In the upstream unit, worldwide output was 2.51 million boe/d net, slightly lower than a year ago when the operator pumped 2.54 million boe/d. U.S. production totaled 698,000 boe/d net, down 32,000 boe/d year/year. The U.S. net liquids component increased 3% to 519,000 boe/d, while net natural gas production decreased 20% to 1.08 Bcf/d, primarily as a result of asset sales.
Domestic production increases from shale and tight properties in the Permian Basin in Texas and New Mexico, base business in the Gulf of Mexico and San Joaquin Valley, and the Jack/St. Malo deepwater were more than offset by the effect of asset sales, normal field declines and maintenance-related downtime.
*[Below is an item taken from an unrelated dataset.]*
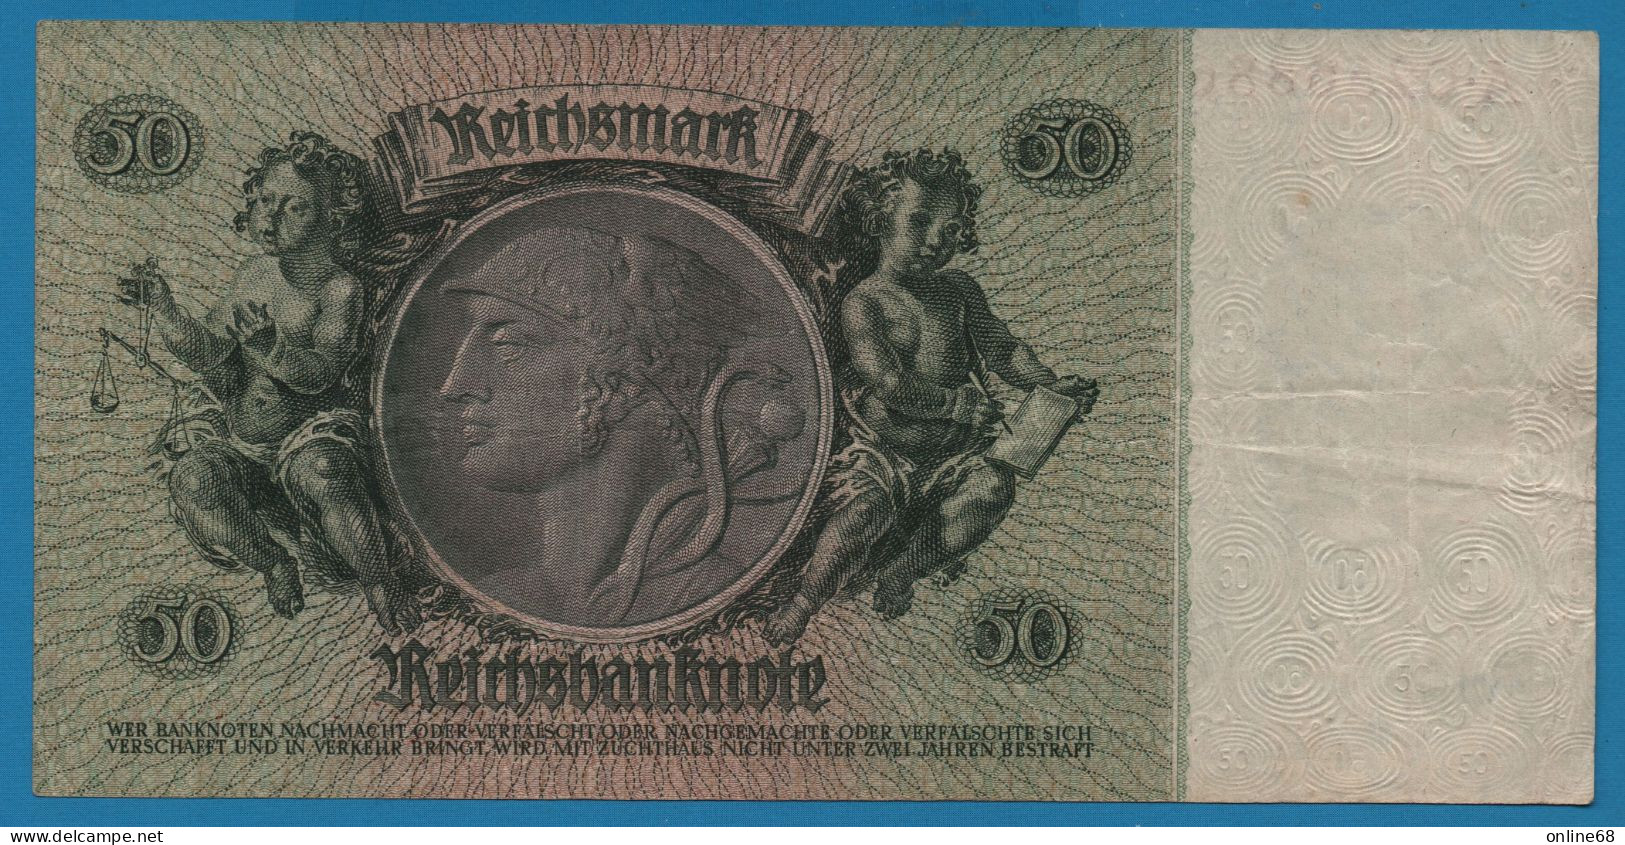 DEUTSCHES REICH 50 REICHSMARK 30.03.1933  # A.02568864 P# 182b David Hansemann - 50 Reichsmark

“Third quarter results, though down from a year ago, reflect an improvement from the first two quarters of this year,” said CEO John Watson. “Our operational performance in the third quarter was strong.” There were “steady” liquefied natural gas (LNG) production and cargo shipments from Gorgon Train 1 in Australia, “and we recently started LNG production from Gorgon Train 2. In light of these milestones, we expect December production between 2.65-2.70 million boe/d.”
Progress also was made toward lowering the cash breakeven in the upstream business and getting cash balanced, Watson said.
Mirroring ExxonMobil’s strong efficiencies, Watson said Chevron had reduced by more than $10 billion capital spending and operating expenses in the first nine months of 2015 “as a result of a series of deliberate actions we have taken.”